A third party pointed out the underlying problem: "The truth is, I don't know how those workers are motivated to work knowing that what they will do is for nothing, because the plant doesn't need a band-aid; it requires major maintenance. Everything else is in vain; it can't take any more."
La Guiteras left the National Electric Power System (SEN) on Friday at 06:58, just four days after being reintroduced on June 29.
This is their 17th outage so far this year and the fifth consecutive one due to a failure in the economizer of the boiler, the most deteriorated component of the facility.
The engineer Román Pérez Castañeda, general director of the block, explained that a complete replacement of the economizer is unfeasible at this moment: "It's not that we lack the necessary pipes and the ability to assemble them, but rather that it is an intervention that would take several days, and today, 200 megawatts are crucial."
The immediate plan includes resuming the inspection of the boiler on Sunday morning and estimates the repair will take up to six days starting from 6:00 a.m. on Friday.
The structural deterioration of the plant explains the irony of the Cubans. The economizer has accumulated 38 years of continuous operation in a highly corrosive environment, with damage to more than 500 tubes and between 1,000 and 1,200 weld seams pending.
Specialists estimate that a comprehensive intervention would require a shutdown of at least 180 days, something that authorities have repeatedly postponed. The facility has not undergone significant maintenance since 2010.
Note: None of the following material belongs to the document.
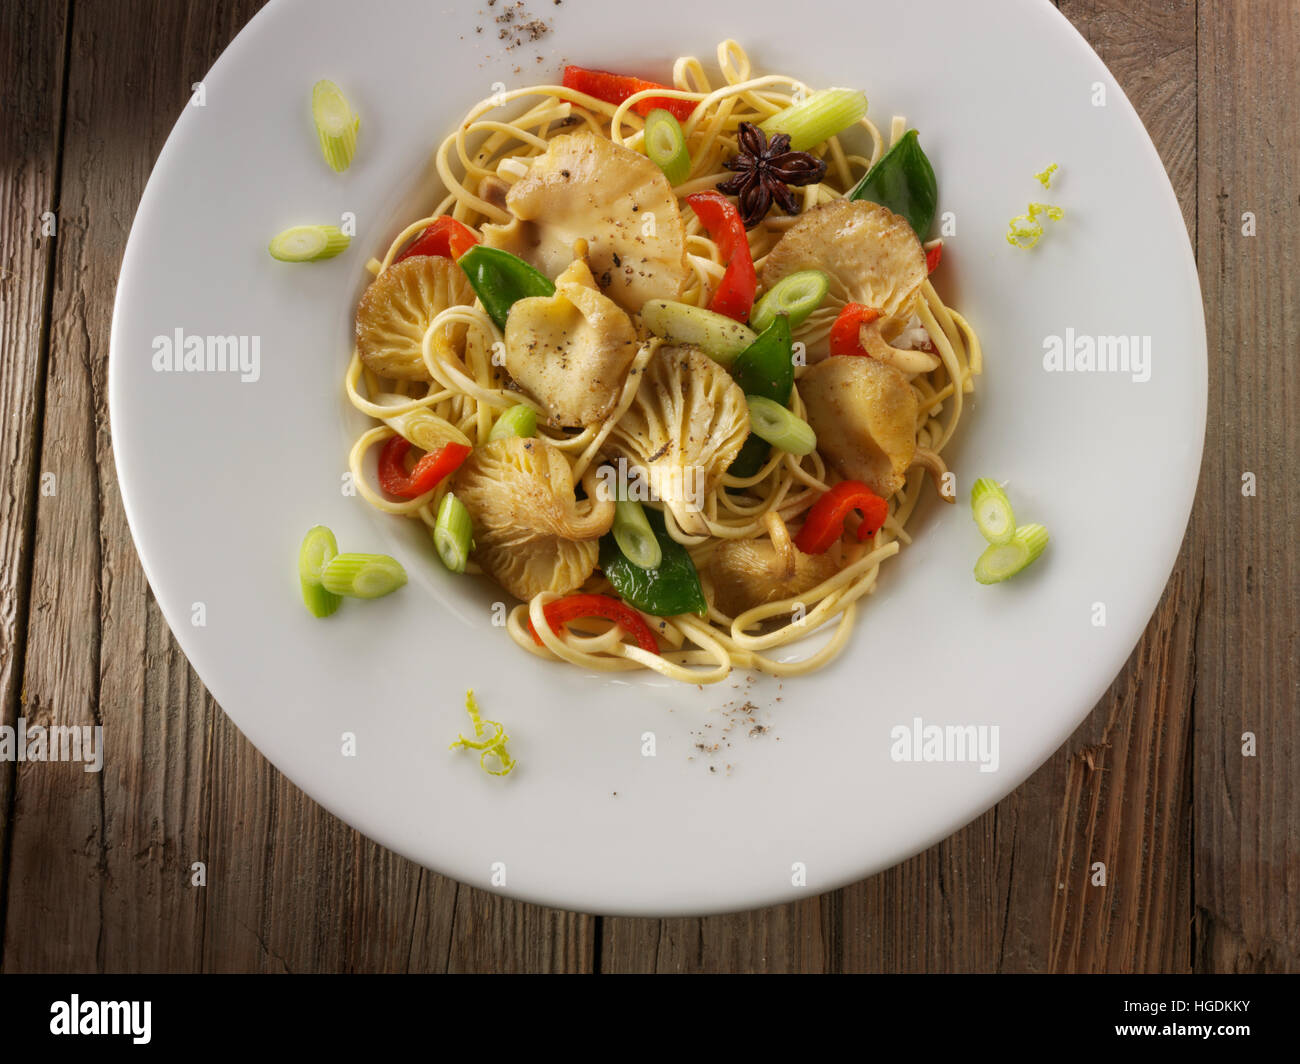 Yellow Oyster mushroom stir fry with noodles, mange tout, red pepper, spring onions and anise Stock Photo

The citizens' reaction on Facebook also reflected a broader understanding of the crisis. "The problem isn't the sadly famous thermoelectric plant. It's the other nine that are out of service for various reasons. Guiteras could go into maintenance if it weren't for the fact that the other generating units are also out of service," wrote another user.
And one more summarized the state of the electrical system with a brutal image: «Neurological death and the SEN in massive infarction, and the suffering of the people growing excessively.»
The new breakdown worsened the national electricity deficit to 2,206 MW, just two megawatts shy of the historical record of 2,208 MW recorded on June 25.
As of July 4th, there are 11 thermoelectric units out of service in Cuba, and 106 distributed generation plants halted due to lack of fuel.
Blackouts reach between twenty and thirty hours daily in Havana and up to 87 consecutive hours in Matanzas, where Guiteras itself is located.
The Minister of Energy and Mines, Vicente de la O Levy, promised capital maintenance for the plant by the end of 2025, postponed it in December citing a "situational problem," and announced it again in April 2026 without setting a specific date.
Meanwhile, Cubans continue to wait, holding onto the same question that encapsulates their despair: "It spends more time cooling down than it does being online."